Government to propose cigarette and alcohol tax hike

Ahmed A. Namatalla
5 Min Read

Plan to finance LE 1 billion of LE 8 billion needed for universal healthcare coverage

CAIRO: The government plans to introduce a bill to the People s Assembly to raise cigarette and alcohol taxes by as much as 20 percent to help finance universal health insurance as promised by President Hosni Mubarak during last year s election campaign, several government sources revealed.

The state expects the proposed increase to bring in about LE 1 billion annually. The government estimates its current healthcare budget of LE 8 billion needs to be doubled in order to finance a universal healthcare system and raise the standards for services being offered now at government hospitals.
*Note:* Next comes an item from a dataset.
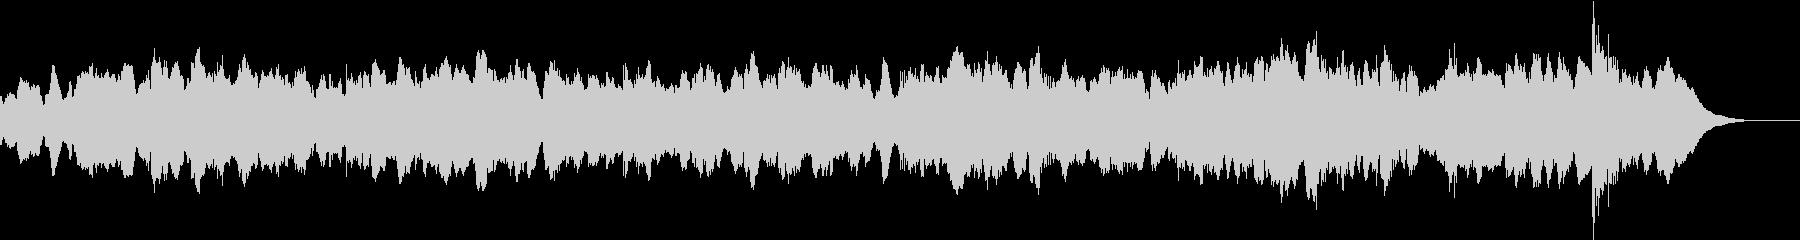 とても暗い雰囲気のオーケストラサウンドの未再生の波形

Other possible tax increases may be implemented in vehicle licensing, road tolls and cement factories, a source in Prime Minister Ahmed Nazif s office says.

But any increase in cigarette taxes will have to be negotiated with state-owned Eastern Tobacco, which owns a monopoly on cigarette production, and debated on the floors of the People s Assembly and Shura Council, a process likely to take months, the source says.
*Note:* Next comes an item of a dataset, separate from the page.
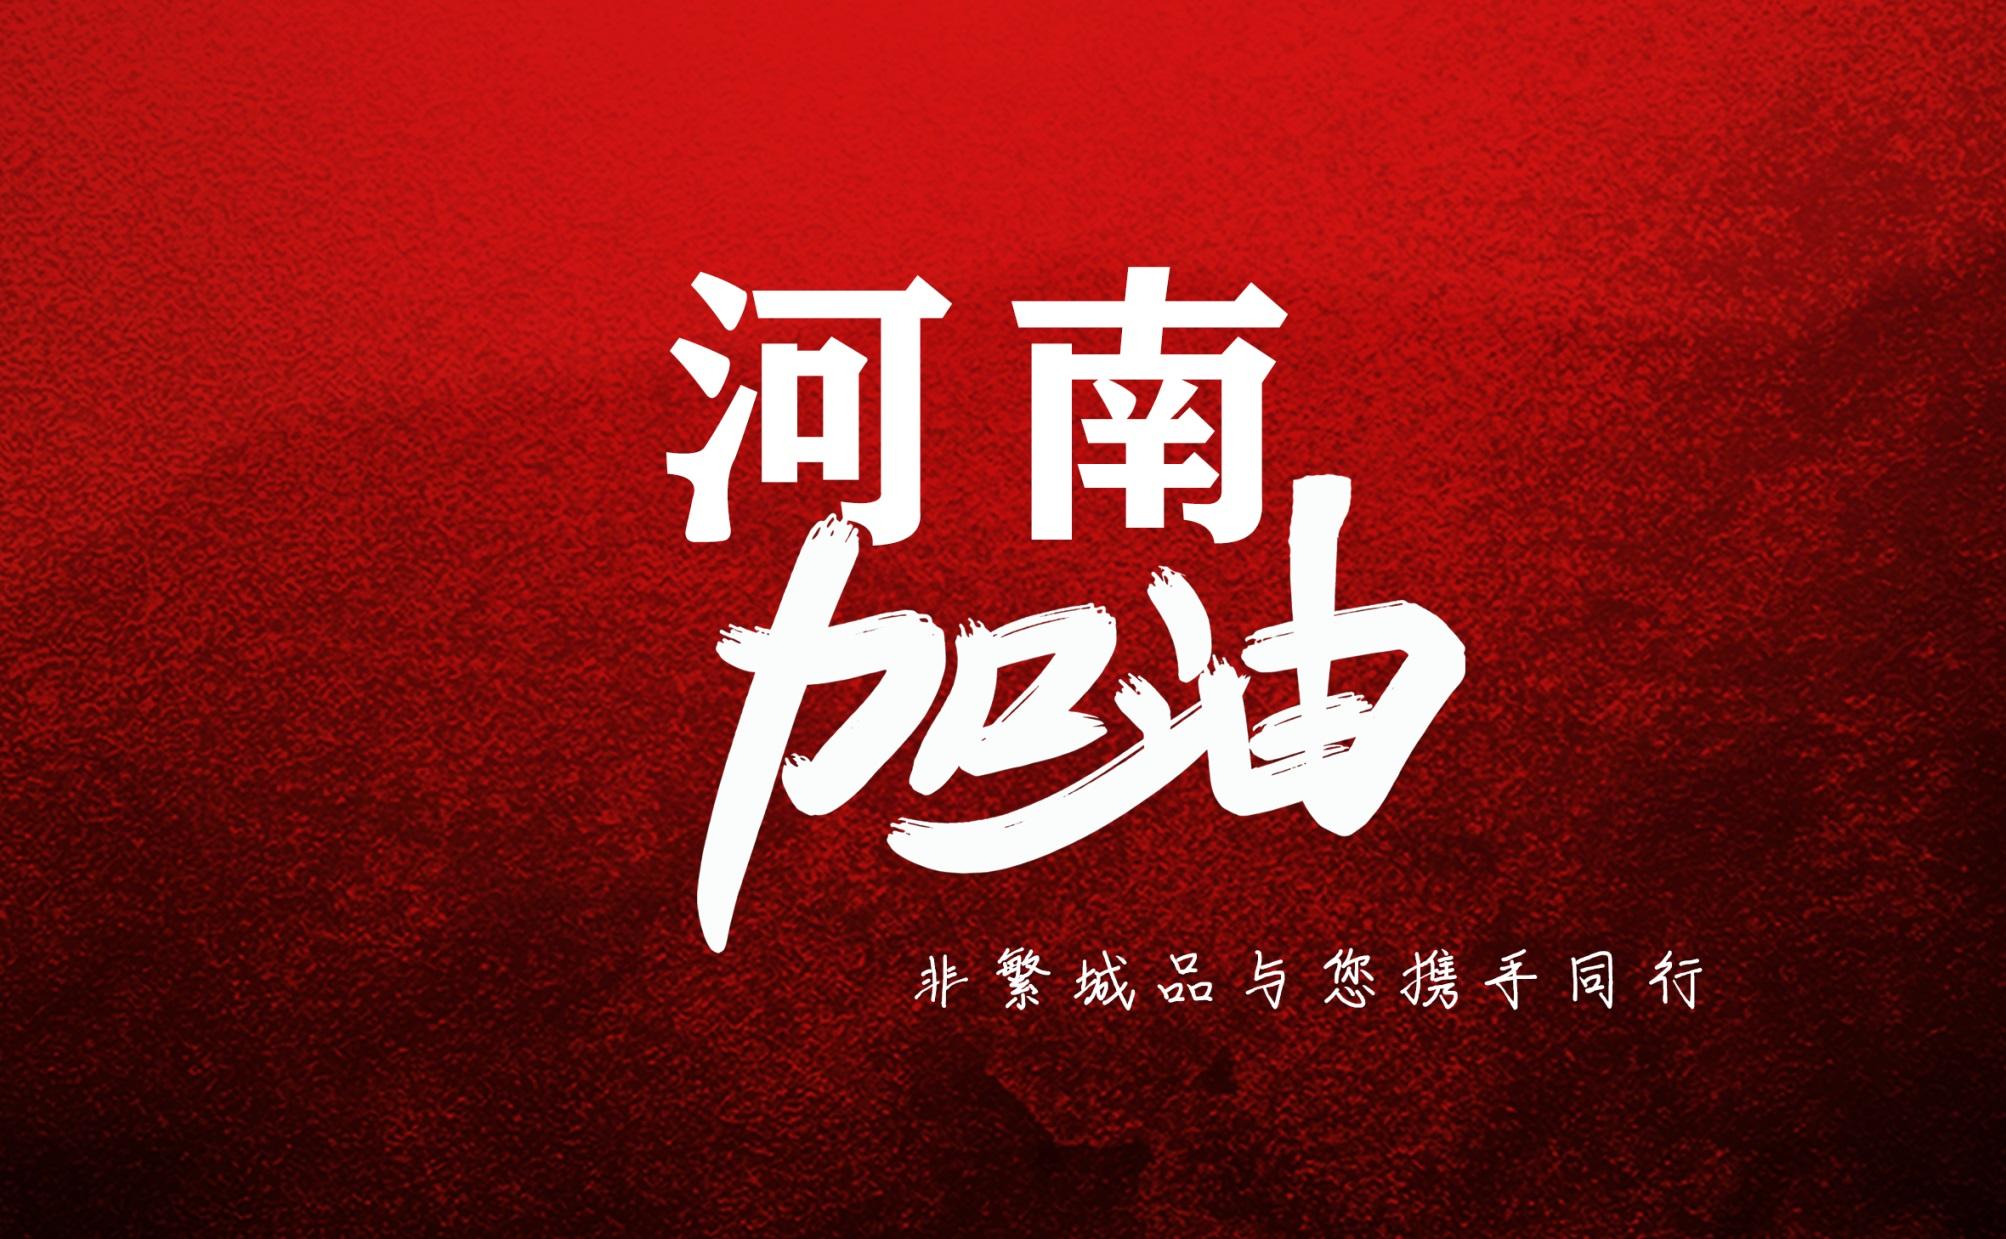 助力河南,非繁城品酒店在行动 | 锦江酒店(中国区)启动紧急驰援

Still, Mohamed Sorour, head of the technical office of the Egyptian Tax Authority (ETA), denies ETA has any plans to raise taxes on commodities or services. Any talk of increasing taxes contradicts ETA s efforts to reduce taxes and increase total revenues, he adds.
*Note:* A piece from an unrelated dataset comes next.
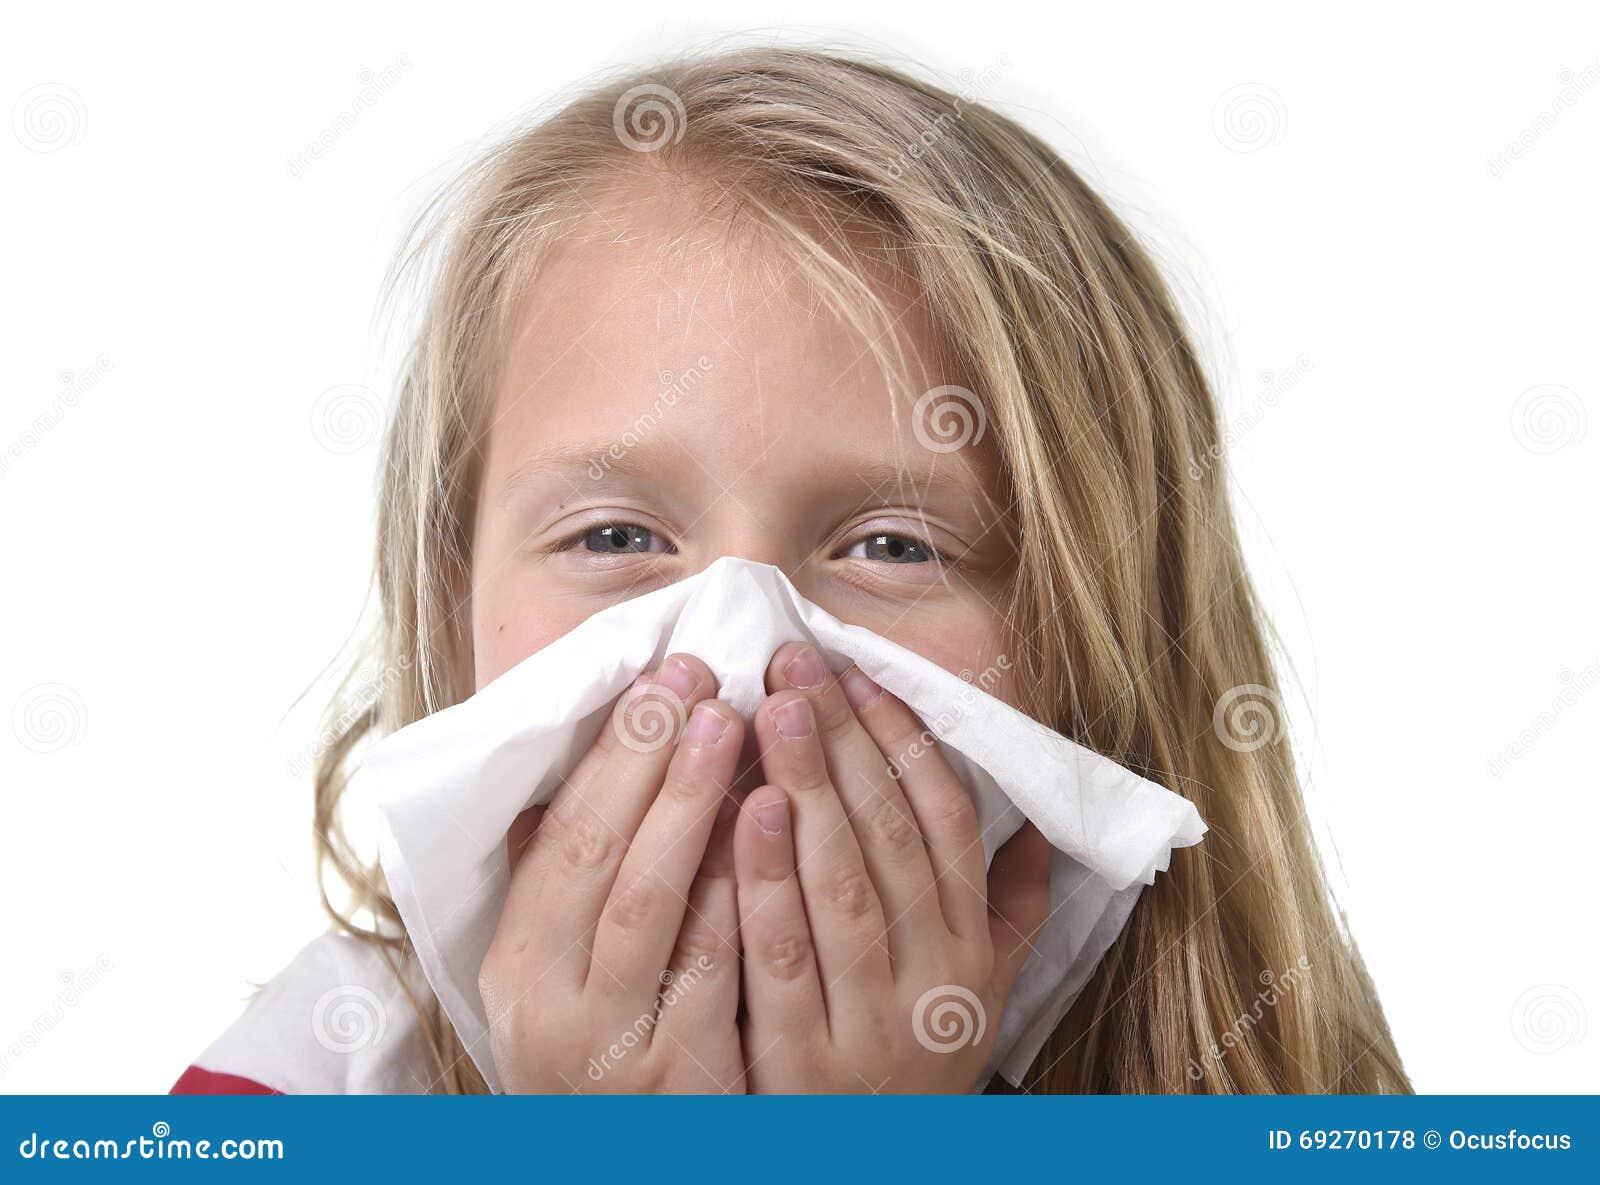 吹她的与纸组织的甜和逗人喜爱的金发小女孩鼻子有一个冷的感觉病残

A Ministry of Finance official was not immediately available for comment.

Madiha Khattab, head of the National Democratic Party s (NDP) Health Committee and former Cairo University Dean of the Faculty of Medicine, says the plan has been under consideration by the party for years but has been often met with political opposition. The public, on the other hand, seems to support the idea, as in other countries where the plan has worked.

The costs of healthcare are very high, no doubt, if you want to provide a good service, says Khattab. The logic is to implement taxes on practices that are harmful to health. When a person smokes and they get sick down the line, they will have to rely on health insurance that they ve already paid for in taxes. Most people, I think, support that line of thinking.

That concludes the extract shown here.